Count-Min Sketch Constant for Calculating Width #93

abraithwaite · 2015-10-05T17:28:24Z

The width of the sketch according to the paper should be set to ceil(e/epsilon) where e is Euler's number. However, I noticed in the current code that this is just set to 2.0.

I'm curious as to why this is. Is it good enough in practice for it to not make a difference?

The text was updated successfully, but these errors were encountered:

tea-dragon · 2015-10-05T18:26:25Z

it looks like it was written that way from the first version submitted by @jkff. To clarify for the lazy, the difference is between ceil(e/epsilon) and the current ceil(2/epsilon), where e is the usual 2.7.... I can imagine them being similar enough in practice, but I couldn't say why it was initially chosen.

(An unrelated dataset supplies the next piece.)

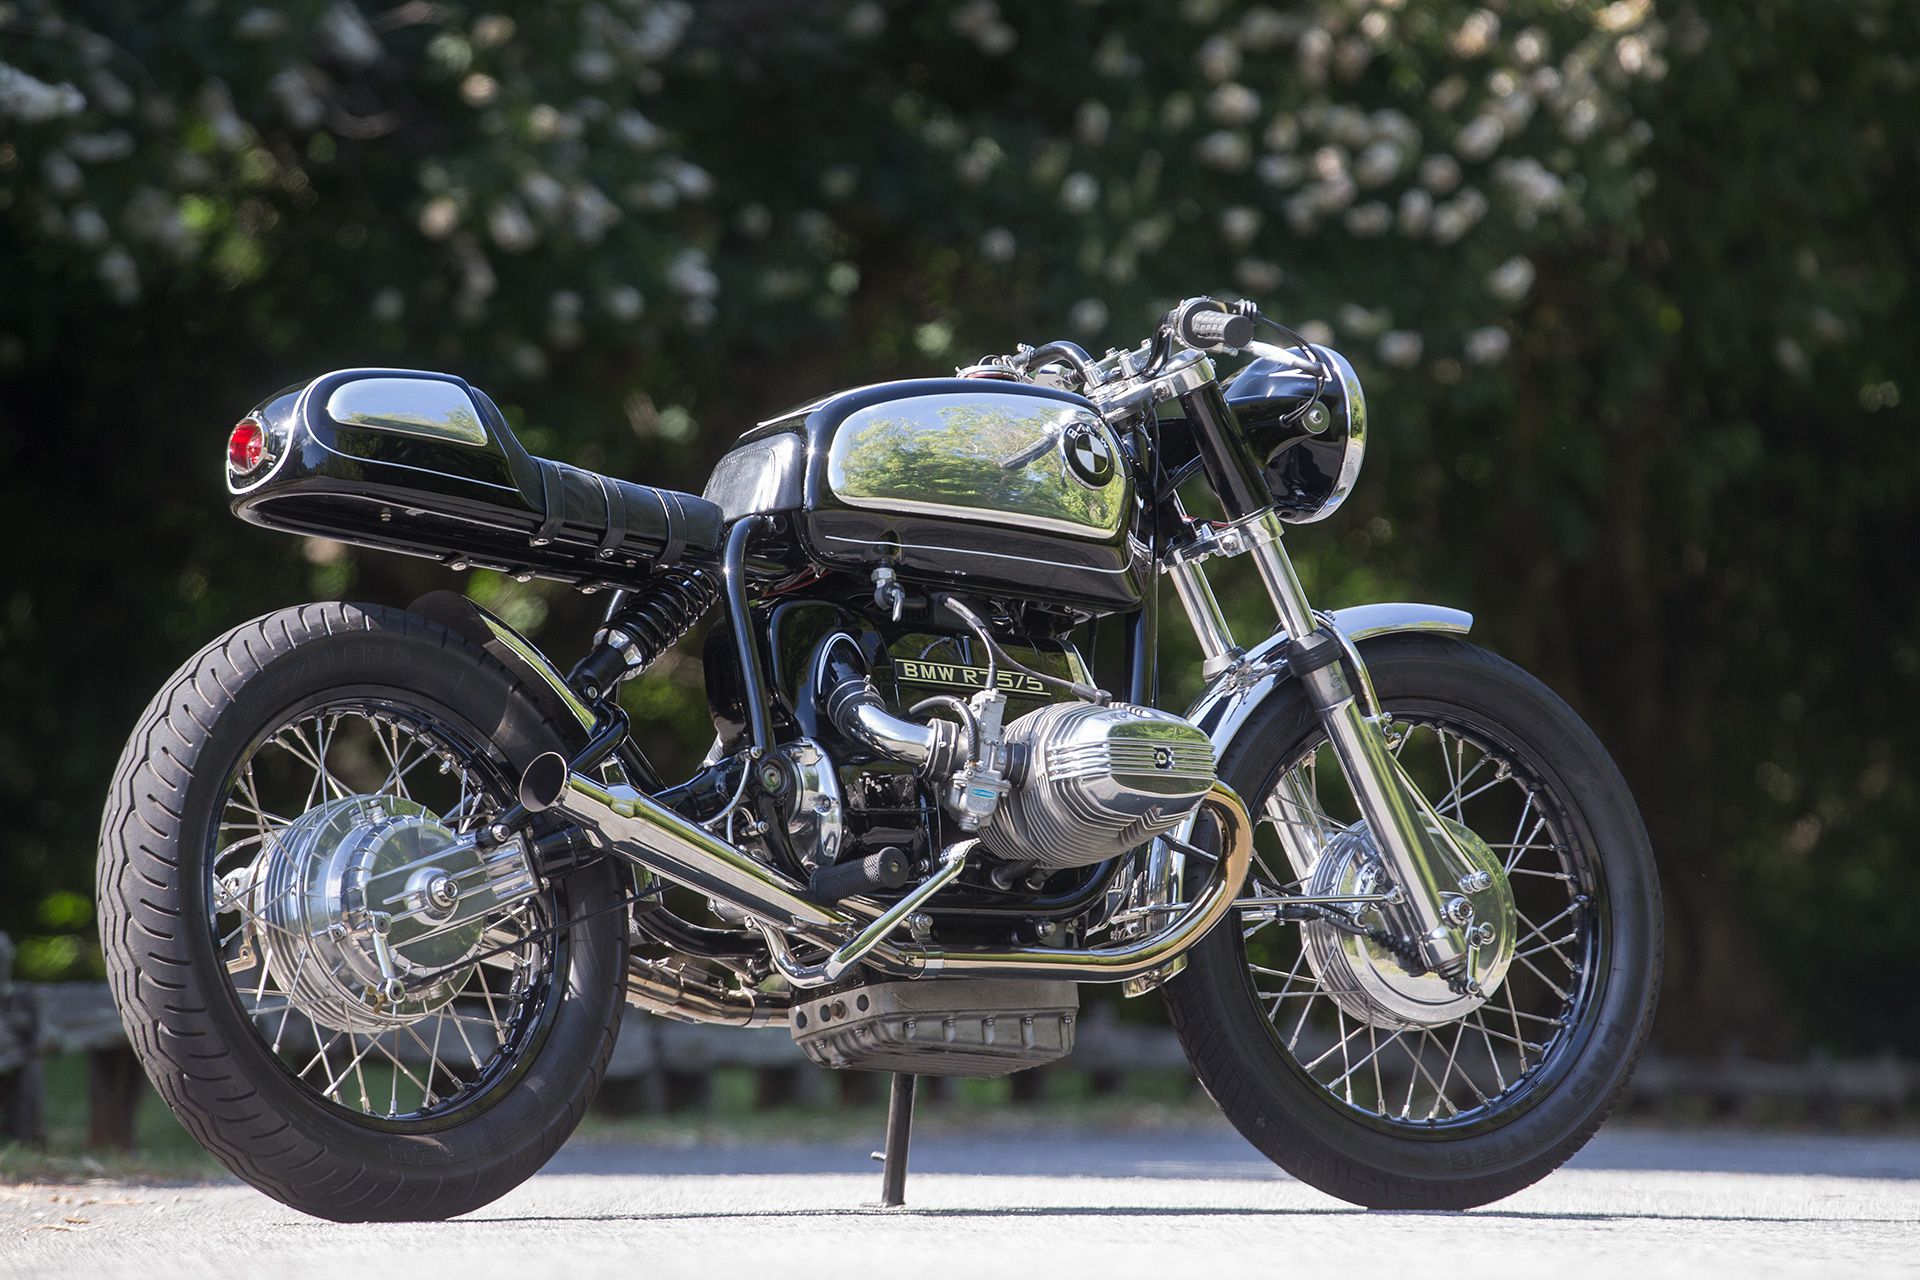 Bmw R75 5 Cafe Racer By Bryan Fuller Cycle World

abraithwaite · 2015-10-05T19:11:28Z

Changing the 2 to e everywhere results in the tests still passing. I imagine that the current implementation would just less accurate than it would be if using Math.E since it would cause the sketches to be smaller. However it's unlikely that you'd be able to change this without breaking whomever is using it unfortunately.

cykl · 2015-10-05T19:25:39Z

An intern reported this issue to me last month. Being confused, I quickly re-read the papers and noticed that e has been used in the initial paper but 2 is used in the latest paper from the same author, see Approximate Date with the Count-Min Data Structure page 4.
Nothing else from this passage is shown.